> [Problem requirements]:
Among the records below, find the line with "Kim Kardashian and" and the line with "ethernet to usb". Set down both and every line between, exactly and with no pictures, but nothing else.

> [Records for processing]:
*-*-*
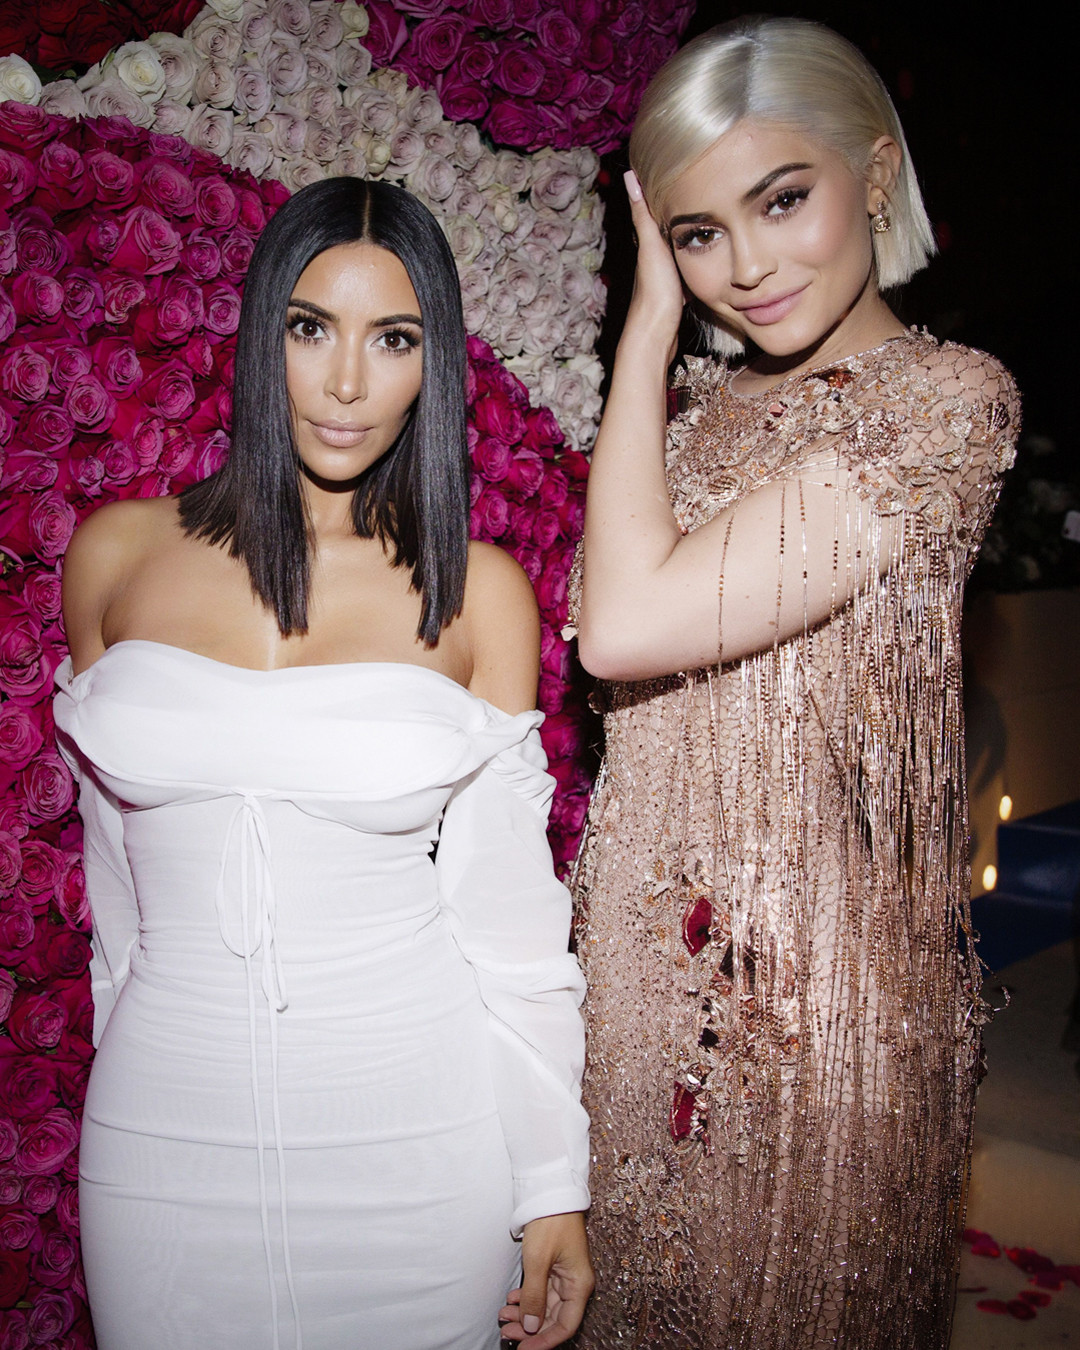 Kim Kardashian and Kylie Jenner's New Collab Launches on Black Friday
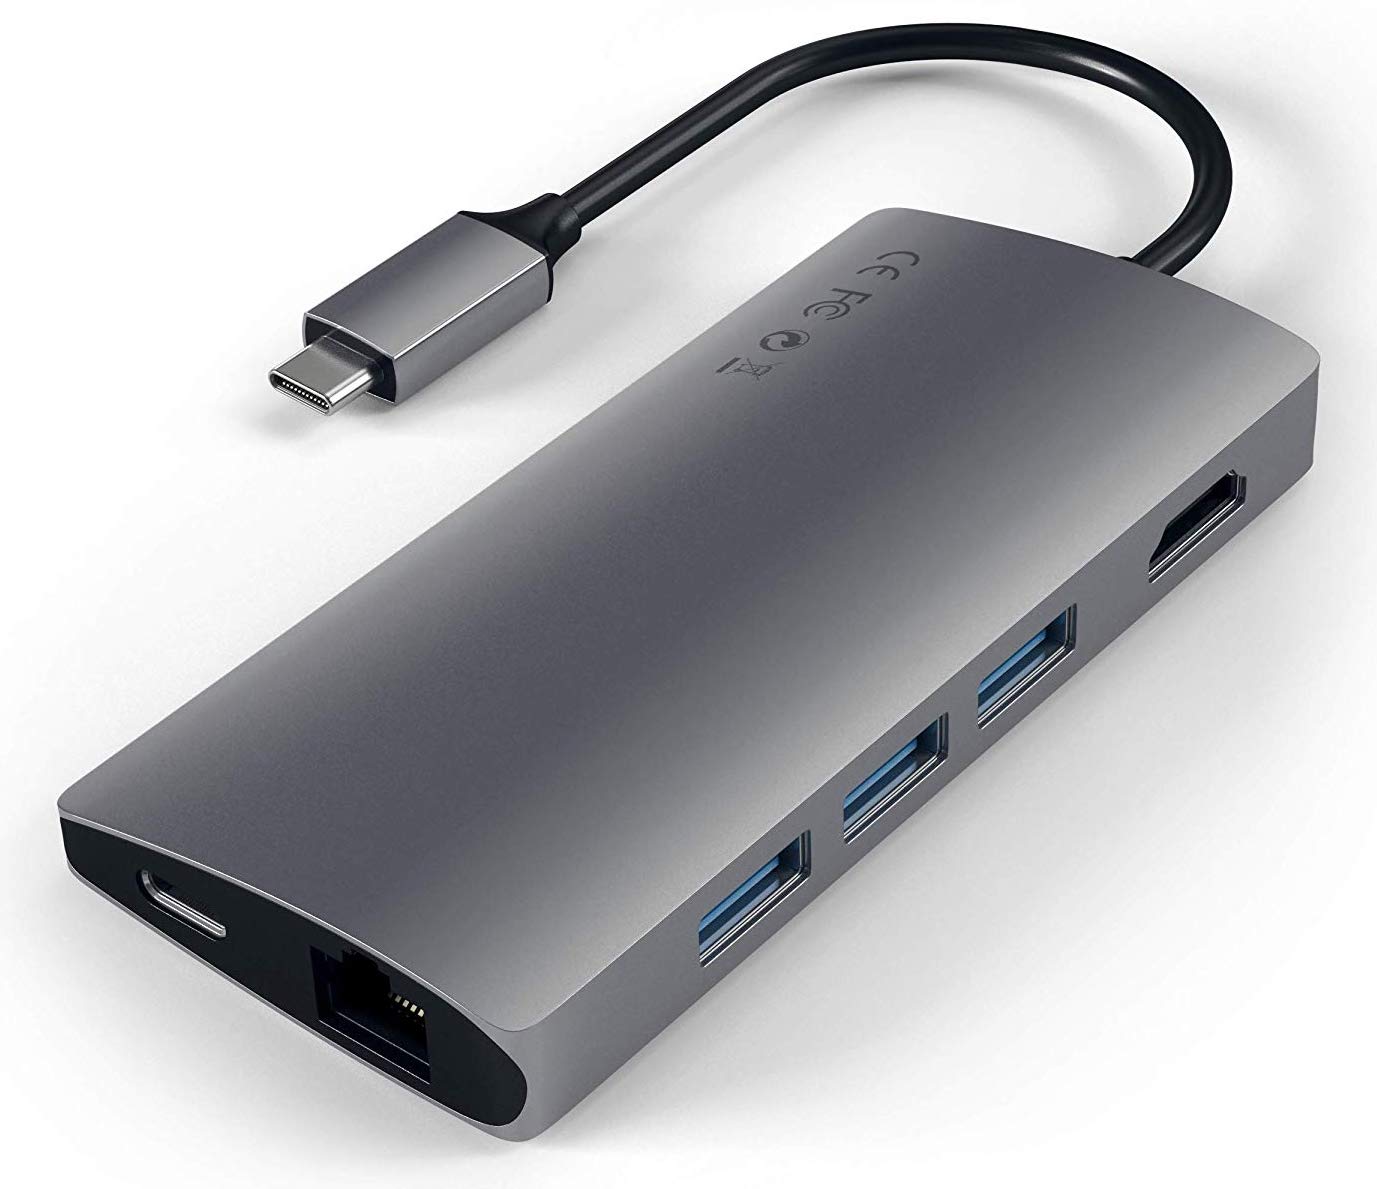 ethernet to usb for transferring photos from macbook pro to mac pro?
*-*-*
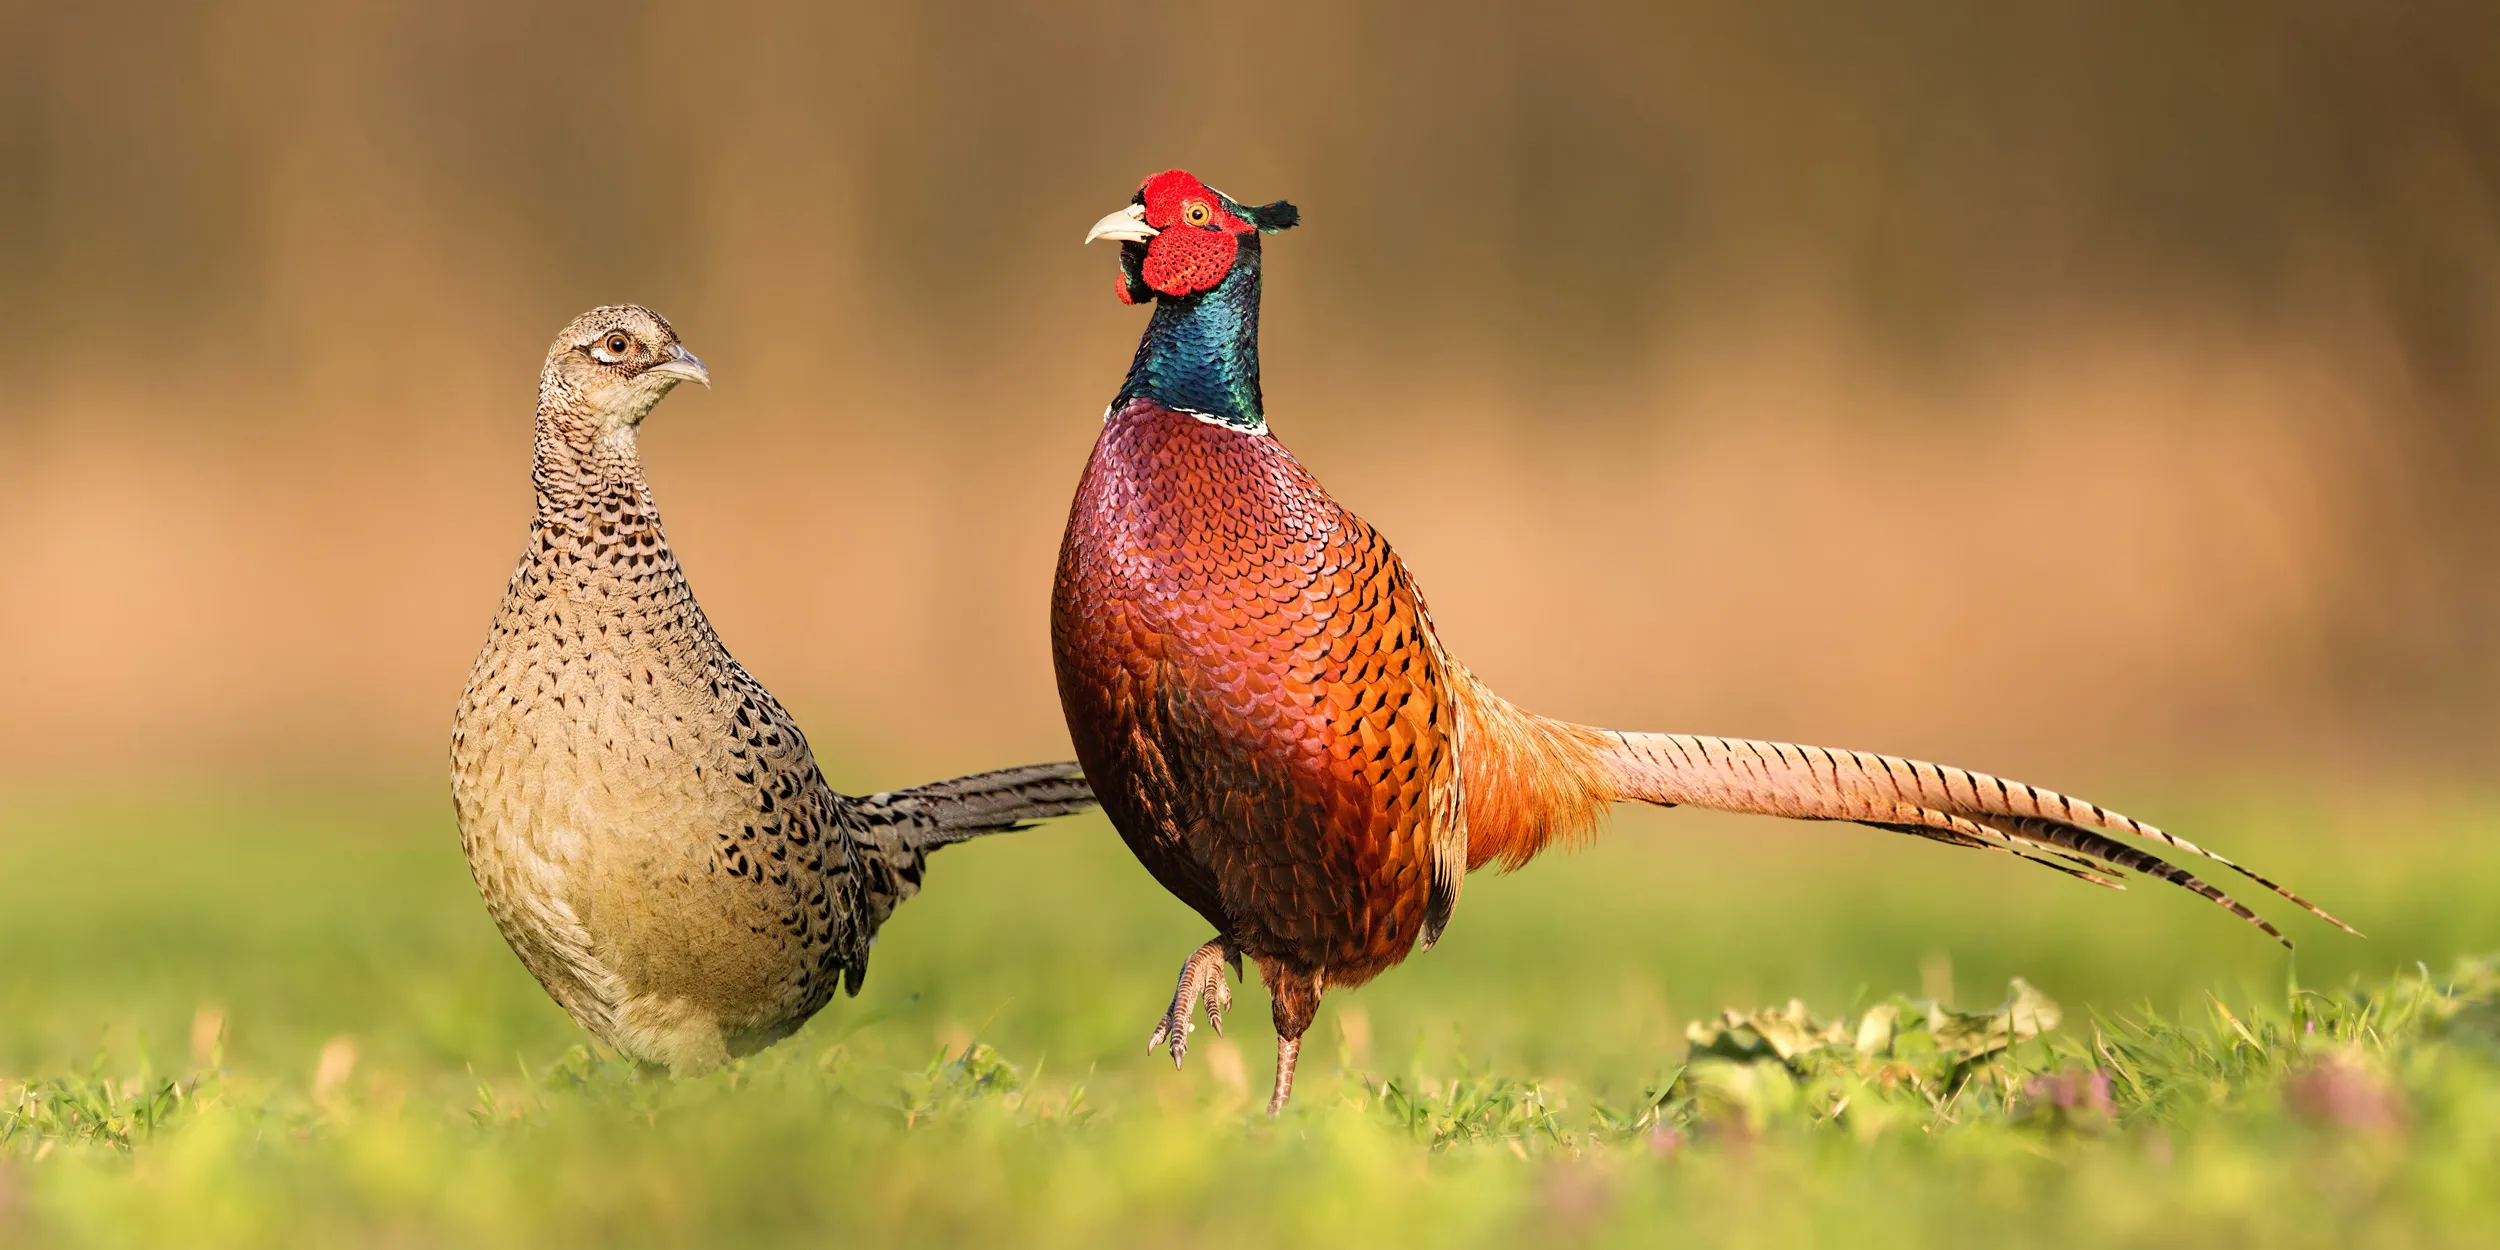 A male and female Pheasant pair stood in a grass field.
*-*-*
> [Task output]:
 Kim Kardashian and Kylie Jenner's New Collab Launches on Black Friday
 ethernet to usb for transferring photos from macbook pro to mac pro?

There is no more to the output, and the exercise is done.